‘Antiques Roadshow’ Stunner: $40 Painting Revealed as Dutch Masterpiece

Oeder was one of few classically trained painters in South Africa at the turn of the century.

The episode of the Antiques Roadshow took place at Pitzhanger Manor in west London. Photo: BBC/Antiques Roadshow.

A guest on the BBC’s Antiques Roadshow has discovered a painting he bought at a South African curio shop in the 1980s is worth between £12,000 and £18,000 ($16,000 to $24,000), several hundred times its original price.

The painting depicts a pensive young man on a tawny background and is signed by Frans David Oeder, a Dutch artist who emigrated to South Africa in 1890. Frances Christie, the Antiques Roadshow’s specialist in pictures, believes the work was a personal painting carried out at the turn of the century.

“It feels exceptionally fresh, it could have been painted yesterday,” said Christie, an independent art advisor with an expertise in 20th-century British and European art. “Oeder has managed to capture very subtle facial features and the thoughtfulness of this person beautifully. He has made this portrait look effortless. It’s such a spontaneous image.”

The owner of the Oeder painting grew up in Cape Town and moved to the United Kingdom in the ‘80s. He returned frequently to visit family and on one trip in 1988 he saw the Oeder painting in a second-hand shop. “As soon as I saw him [the painting], I thought, I have to have it,” the guest, who paid less than £30 ($40) for the painting, said. “[I was drawn] to its simplicity, how it captured the essence of a person, and the colors are also lovely.”

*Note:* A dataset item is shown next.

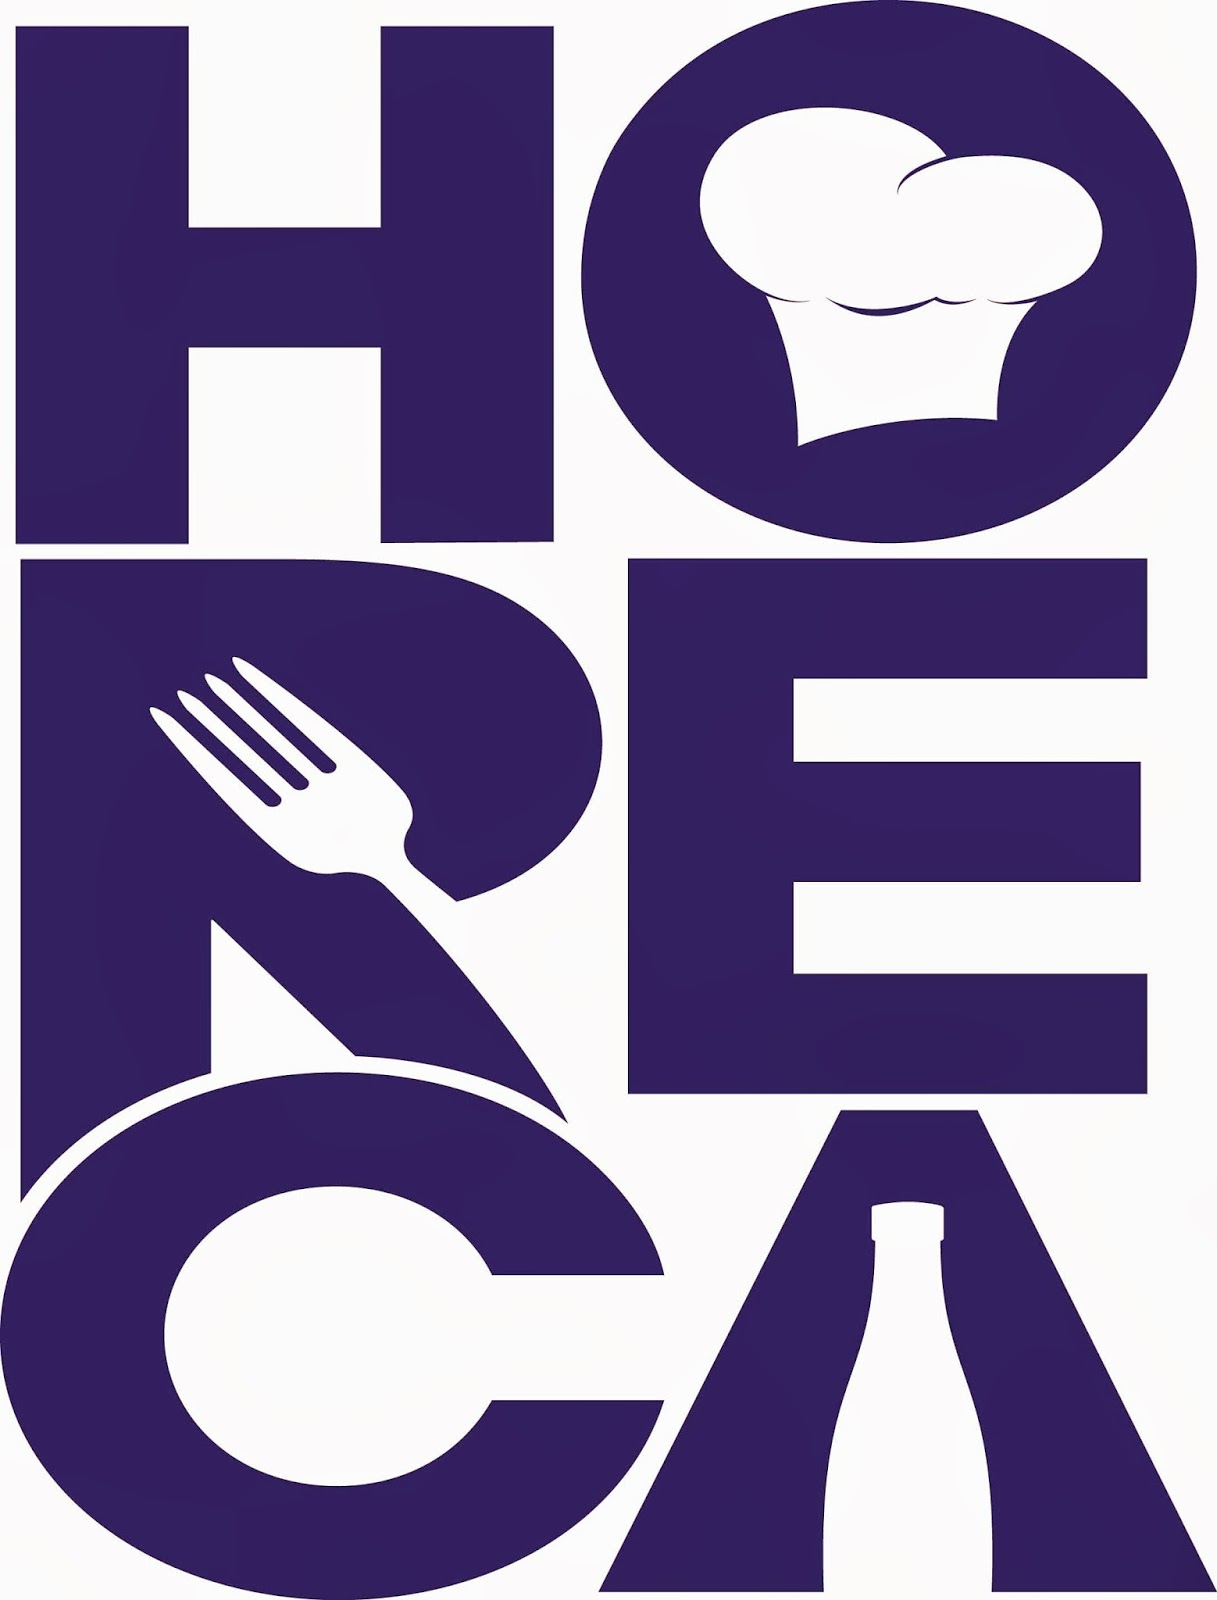 horeca-trade-horeca-trade-the-leading-food-service-partner

a close up of a painting of a boy on a yellow background, its by Oeder

It is believed Oeder painted the work at the turn of the century. Photo: BBC/Antiques Roadshow.

The painting is unusual for Oeder, an artist best-known today for landscape and still-life works. When Oeder arrived in South Africa, he was one of very few classically trained artists—he had studied at art school in Rotterdam and later toured Italy—and he took on a range of jobs including interior decoration, painting railway posts, and teaching. When the Second Boer War arrived in 1899, he was chosen as the official war artist by the Boer Republic’s President Paul Kruger.

By the 1930s, Oeder was a widely acclaimed in South Africa, a status cemented by his portraits of leading political figures. “Oeder was extremely well known,” Christie said. “This painting wouldn’t have been a commission, it was clearly a boy he came across and asked to sit for him.”

The appraisal was aired in the September 15th episode of the Antiques Roadshow’s latest series. It took place at Pitzhanger Manor and Gallery, the country home of neoclassical architect Sir John Soane, in Ealing, west London.